The biography’s final chapters chronicle the reversal of Catherine’s liberal ideals in the face of the French Revolution, illustrating the theme of The Dynamic Between Personal Ideals and Structures of Power. The same empress who corresponded with Voltaire and hosted Diderot became a reactionary censor, banning the work of Alexander Radishchev. His book, A Journey from St. Petersburg to Moscow (1790), which condemned the evils of serfdom, mirrored sentiments Catherine herself had expressed in her Nakaz. Her reaction, however, was fury; she branded its author “a rabble-rouser, worse than Pugachev” (552). The Pugachev rebellion had already exposed the fragility of social order, but the regicide in France confirmed her deepest fears of anarchy. Consequently, her foreign policy shifted from a theoretical opposition to Jacobinism to a practical subjugation of Poland, an act she justified as containing the spread of revolutionary “madness.” The destruction of Poland thus becomes Massie’s final demonstration of how the imperative to maintain autocratic power crushed Catherine’s earlier Enlightenment convictions.

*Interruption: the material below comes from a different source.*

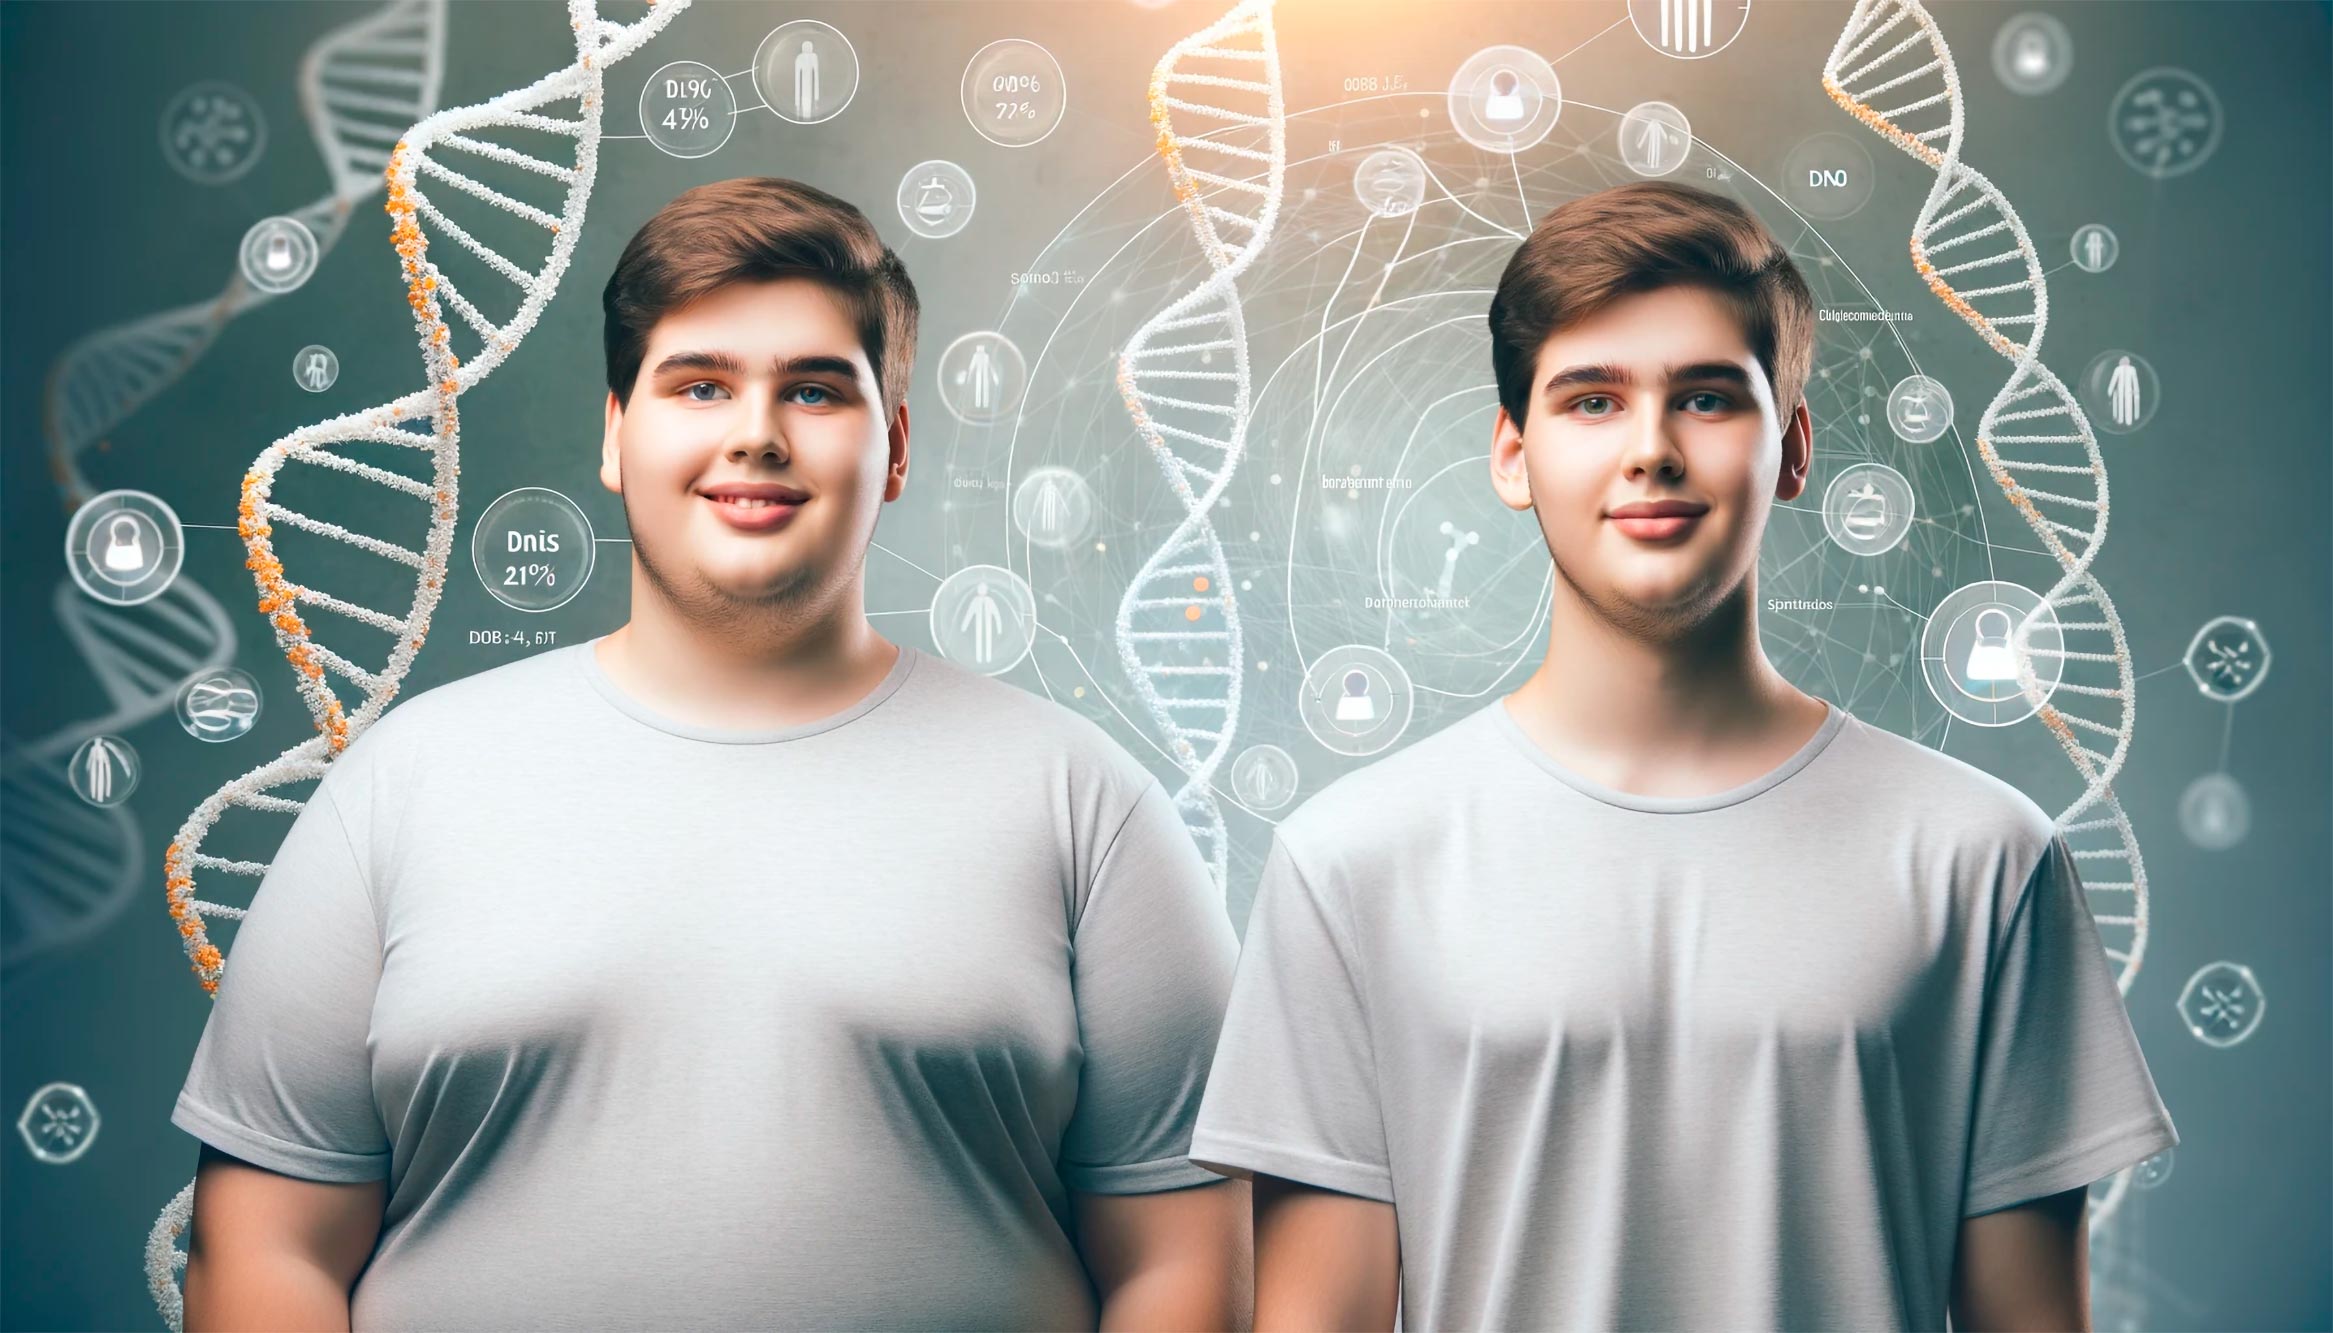 Come i gemelli svelano i segreti dell’obesità molecolare

Through its narrative structure, the biography brings Catherine’s story to a definitive close, weighing her achievements against her personal and political contradictions. The failure of the Swedish betrothal and Catherine’s subsequent stroke depict the biological decay of a formidable political will. Her death acts as a narrative trigger for Paul’s immediate and symbolic revenge: the exhumation of Peter III and the public humiliation of Alexis Orlov. This act is a final, bitter commentary on the dynastic insecurity that haunted Catherine’s reign. In his final assessment, Massie returns to the opening parallel with Peter the Great, framing Catherine’s legacy compassionately, in the context of her transformative impact on Russia. By concluding with an anecdote of the empress playing games, the biography reinforces its dual focus, leaving the reader with an image that reconciles the powerful ruler with the individual woman.